Error: failed to create nodegroups for cluster "dr-eks"
[!]  error executing Cloudformation changeSet eksctl-update-cluster-1585031312 in stack eksctl-dr-eks-cluster. Check the Cloudformation console for further details
[ℹ]  1 error(s) occurred and nodegroups haven't been created properly, you may wish to check CloudFormation console
[ℹ]  to cleanup resources, run 'eksctl delete nodegroup --region=ap-southeast-1 --cluster=dr-eks --name=<name>' for each of the failed nodegroup
[✖]  executing CloudFormation ChangeSet "eksctl-update-cluster-1585031312" for stack "eksctl-dr-eks-cluster": ChangeSetNotFound: ChangeSet [eksctl-update-cluster-1585031312] does not exist
    status code: 404, request id: 9eba20af-474d-4685-a4f9-03222558db21
[!]  retryable error (RequestError: send request failed
caused by: Post https://cloudformation.ap-southeast-1.amazonaws.com/: EOF) from cloudformation/DescribeChangeSet - will retry after delay of 40.890236ms
[ℹ]  building nodegroup stack "eksctl-dr-eks-nodegroup-ng-monitoring-v1"
[ℹ]  deploying stack "eksctl-dr-eks-nodegroup-ng-monitoring-v1"
[ℹ]  adding identity "arn:aws:iam::191195949309:role/devops-eks-prod-node" to auth ConfigMap
[ℹ]  nodegroup "ng-monitoring-v1" has 0 node(s)
[ℹ]  waiting for at least 2 node(s) to become ready in "ng-monitoring-v1"
[ℹ]  nodegroup "ng-monitoring-v1" has 2 node(s)
[ℹ]  node "ip-10-10-163-45.ap-southeast-1.compute.internal" is ready
[ℹ]  node "ip-10-10-187-228.ap-southeast-1.compute.internal" is ready
[✔]  created 1 nodegroup(s) in cluster "dr-eks"
[✔]  created 0 managed nodegroup(s) in cluster "dr-eks"
[ℹ]  checking security group configuration for all nodegroups
[ℹ]  all nodegroups have up-to-date configuration
Error: failed to create nodegroups for cluster "dr-eks"
[ℹ]  1 error(s) occurred and nodegroups haven't been created properly, you may wish to check CloudFormation console
[ℹ]  to cleanup resources, run 'eksctl delete nodegroup --region=ap-southeast-1 --cluster=dr-eks --name=<name>' for each of the failed nodegroup
[✖]  waiting for CloudFormation changeset "eksctl-update-cluster-1585031314" for stack "eksctl-dr-eks-cluster": RequestCanceled: waiter context canceled
caused by: context deadline exceeded
Error: failed to create nodegroups for cluster "dr-eks"
[ℹ]  1 error(s) occurred and nodegroups haven't been created properly, you may wish to check CloudFormation console
[ℹ]  to cleanup resources, run 'eksctl delete nodegroup --region=ap-southeast-1 --cluster=dr-eks --name=<name>' for each of the failed nodegroup
[✖]  waiting for CloudFormation changeset "eksctl-update-cluster-1585031316" for stack "eksctl-dr-eks-cluster": RequestCanceled: waiter context canceled
caused by: context deadline exceeded
+ date
Tue Mar 24 06:53:35 UTC 2020
+ set +ex

vineet-krishna commented 4 years ago

Well, this issue does not seem to occur when I am using EKSCTL version 0.13.0 in my docker container. But this causes me to downgrade my EKS version to 1.14 as in EKS version 1.15 --allow-privileged=true flag does not exist which causes node groups to fail while trying to join the cluster.

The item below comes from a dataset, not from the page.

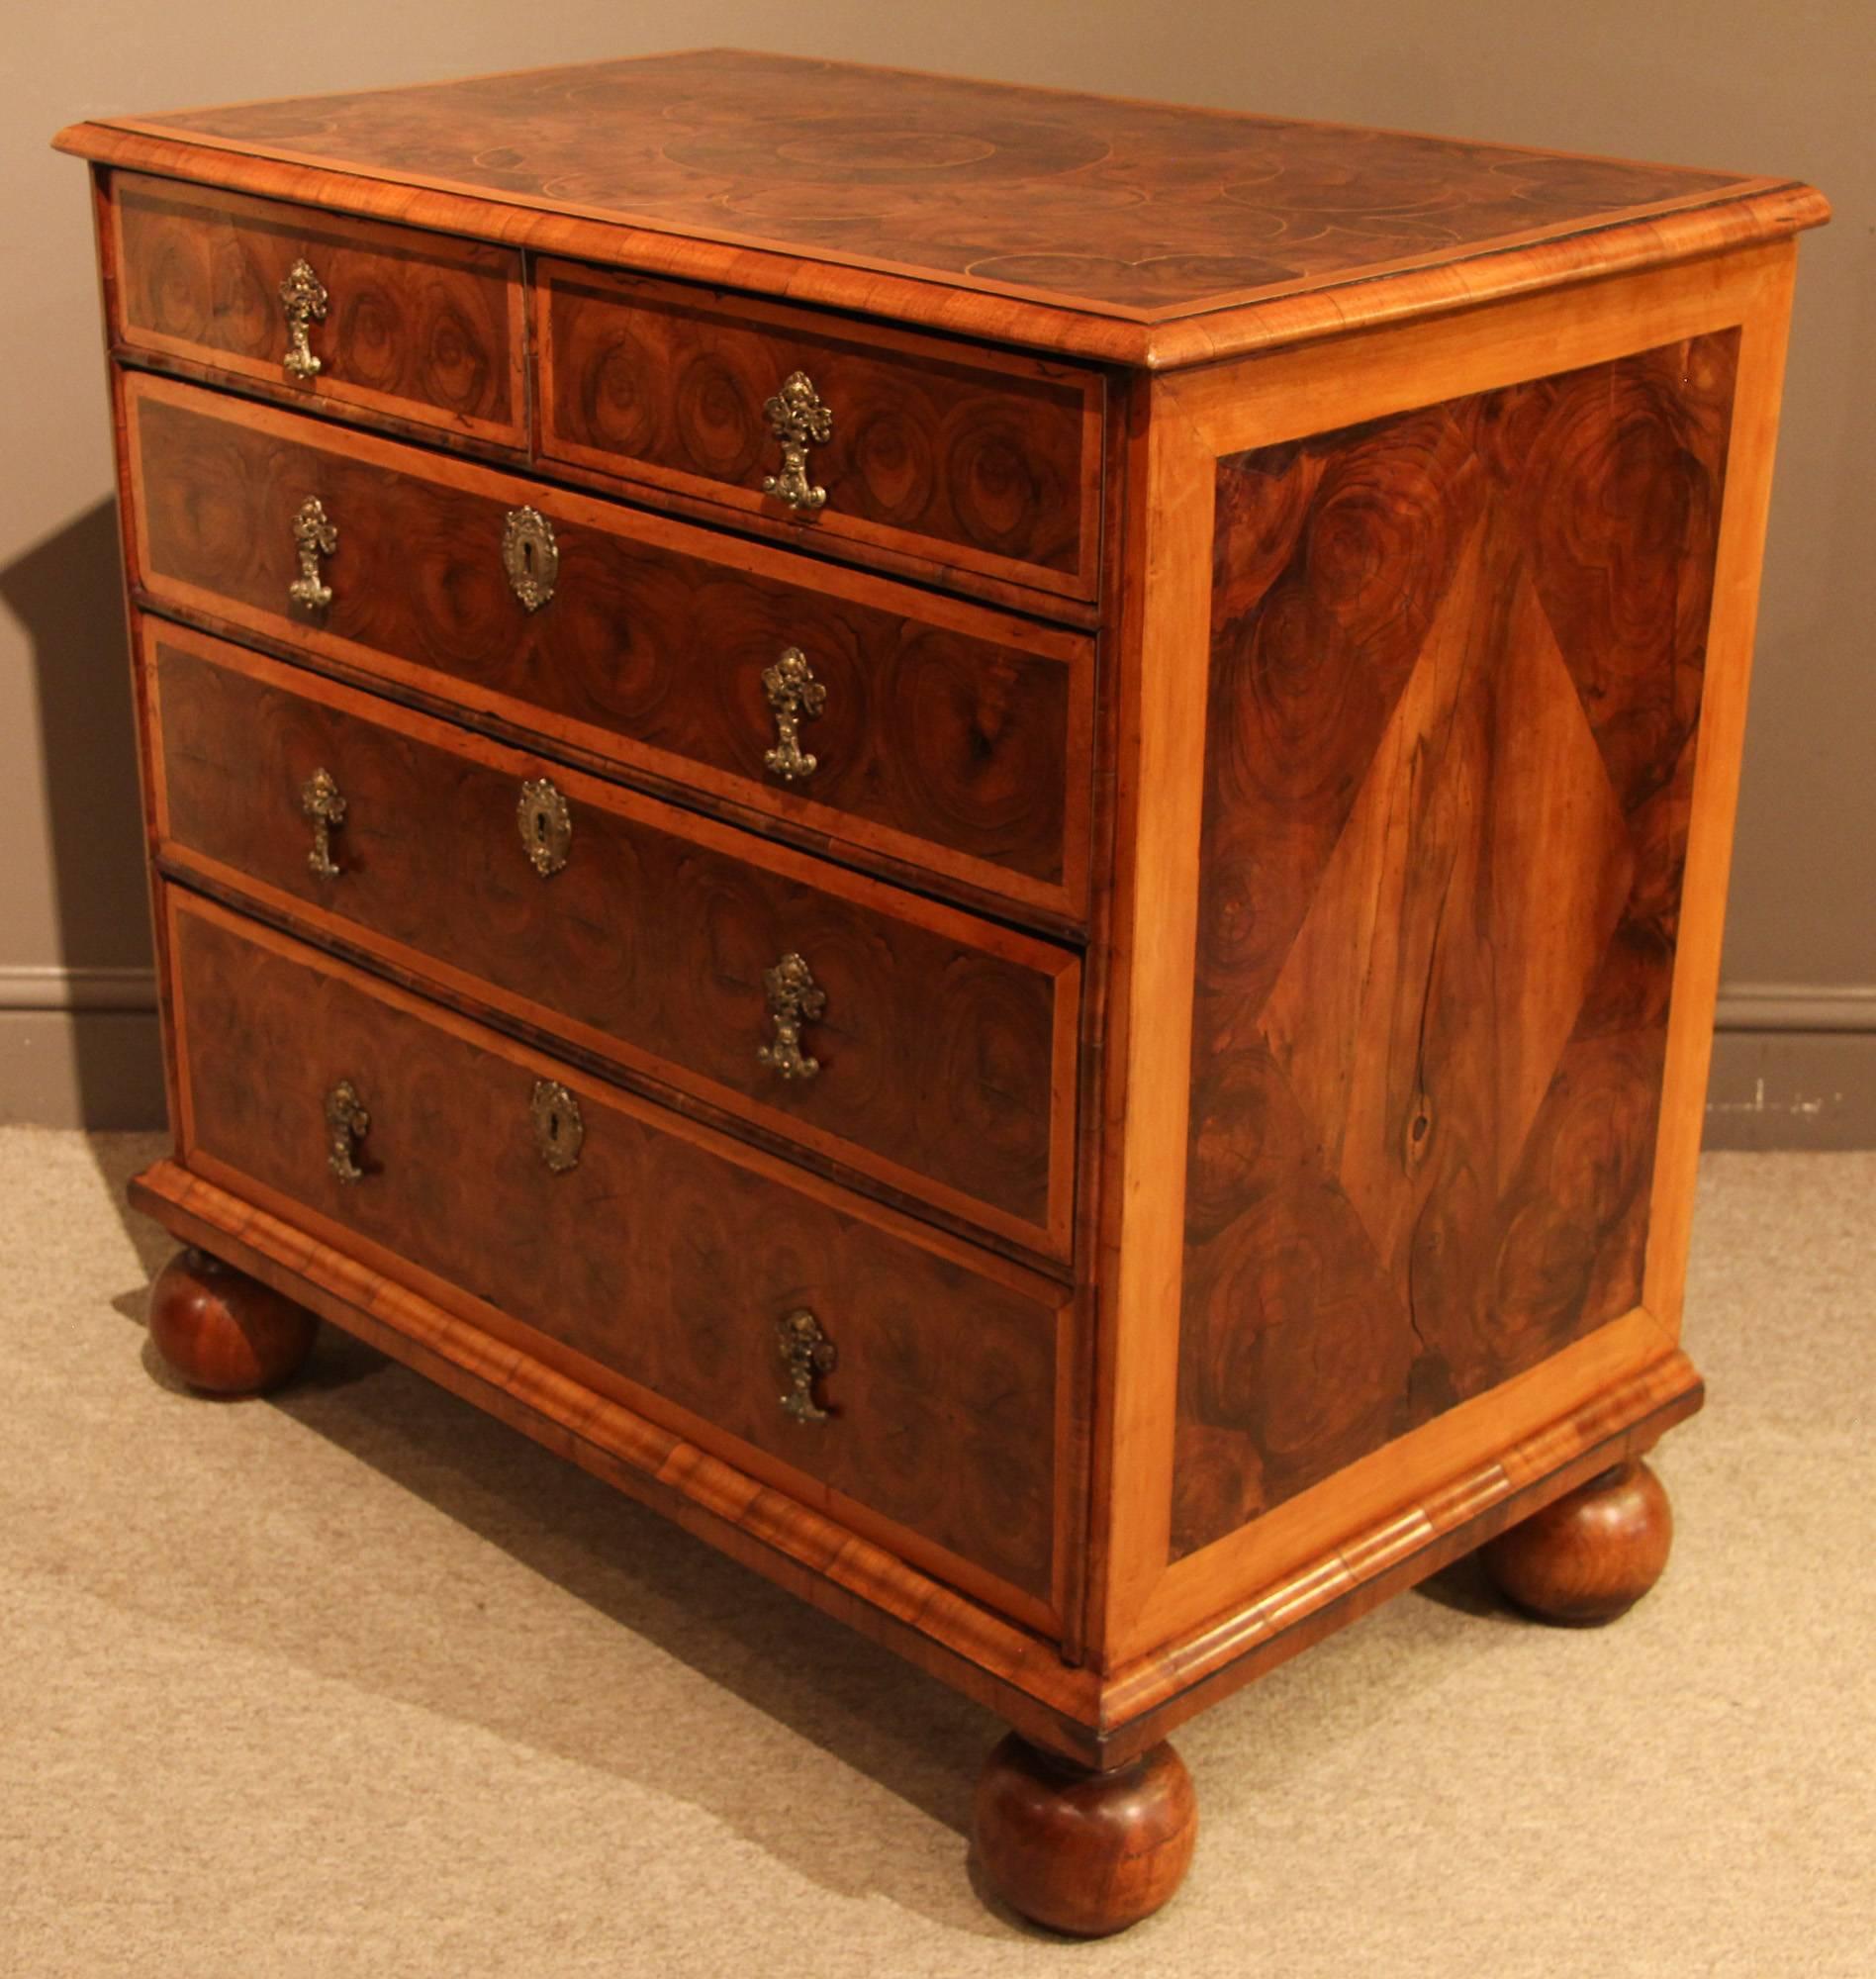 A small William & Mary chest of drawers with olivewood oyster and holly banding with new feet, circa 1690.

All of the items that we advertise for sale have been as accurately described as possible and are in excellent condition, unless

cPu1 commented 4 years ago

[ℹ]  cluster stack is missing resources for Fargate
[ℹ]  adding missing resources to cluster stack

The error suggests that for each of the create nodegroup commands, eksctl is trying to modify the cluster stack because it's missing resources for Fargate[1], and since multiple processes are attempting to update the stack, the stack update (more specifically, execution of the changeset) is failing.

[✖]  executing CloudFormation ChangeSet "eksctl-update-cluster-1585031312" for stack "eksctl-dr-eks-cluster": ChangeSetNotFound: ChangeSet [eksctl-update-cluster-1585031312] does not exist

The execution of the changeset fails because after a stack update is initiated, all previous changesets are invalidated.

Not all commands in eksctl are safe for concurrent usage (since there's no shared lock) and eksctl create nodegroup is one of them in this case because it's trying to update the cluster stack.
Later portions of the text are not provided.